Southward the Bay is flanked by ledges of rock pushing out boldly into the river and fringed with pleasant woods. One of these rocky Points was selected by Mr. Kemble for his “Chapel of our Lady” and a more poetic position for a shrine could hardly be imagined. Having a vast number of Catholics employed in his works, he conceived the idea of providing them with suitable accommodations for sabbath worship, and accordingly made choice of the spot in question on which he erected a neat Tuscan chapel as shown in the sketch.

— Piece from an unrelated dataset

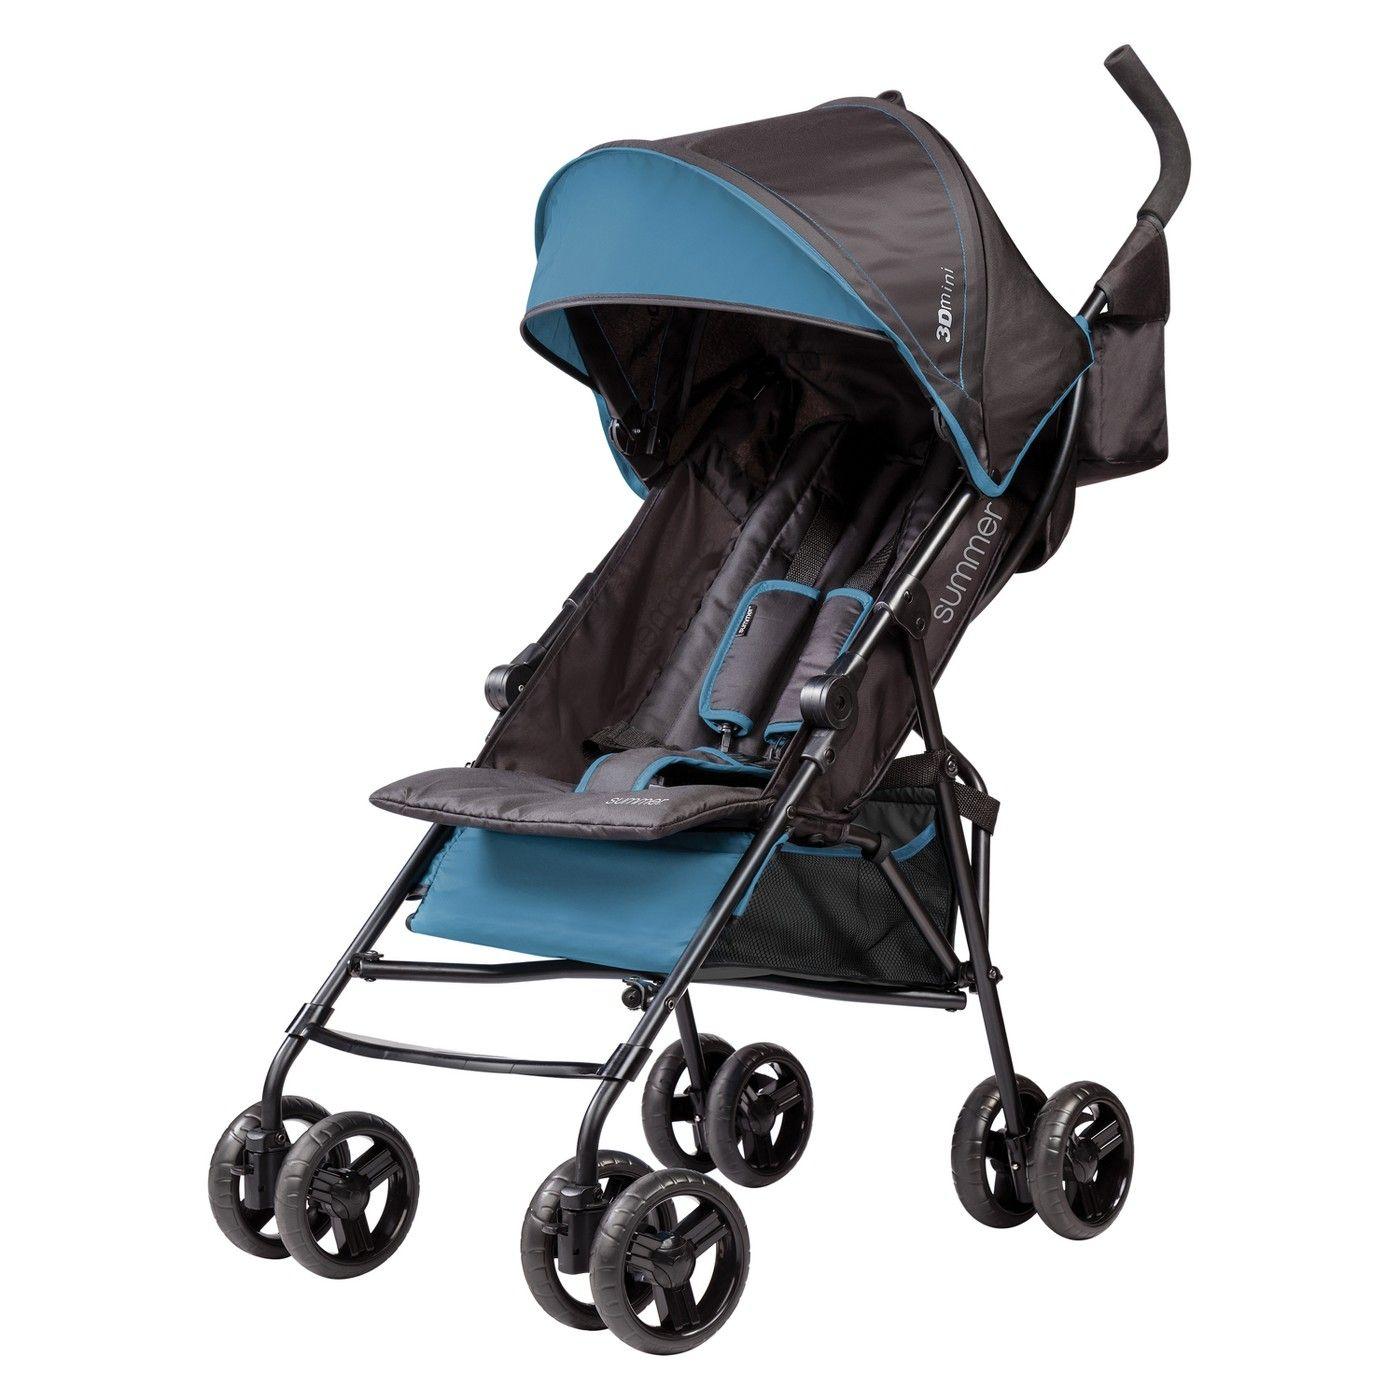 Summer 3Dmini Convenience Stroller Blue Stroller, Baby

Two years later, in 1834, Wharton returned to Cold Spring for a visit. At Kemble’s home, he met Washington Irving, best known for his short stories “Rip Van Winkle” (1819) and “The Legend of Sleepy Hollow” (1820).

[After dinner] … Irving and [painter Thomas] Sully … set out on a moonlight excursion to the “Falls of the Indian Brook” [in Garrison]. I regretted much that I had declined joining them. Sully gave us a graphic description of the trip on their return. Irving’s elegant and playful humour sparkled all the while as they wandered among the rocks of that beautiful and secluded dell, but he concluded that altho’ it might do very well for the young people at the “witching noon of night” yet for himself he must conform his ambition to the retrospect of what he has already seen for the rest of his life….

[The next morning] after breakfast Mr. Irving threw himself on the smooth green sward in front of the house and taking a book observed that the present style of imaginative works was far too hasty and negligent — dashed off with rapidity, and replete with crudities — arising, he thought, from a too ready compliance with the manner of [Sir Walter] Scott, which became necessary to him from the great demand for his works, but which, even in him, was attended with disadvantages that subsequent writers don’t seem aware required the redeeming qualities of his commanding genius to make amends for.

Behind The Story

Type: News

News: Based on facts, either observed and verified directly by the reporter, or reported and verified from knowledgeable sources.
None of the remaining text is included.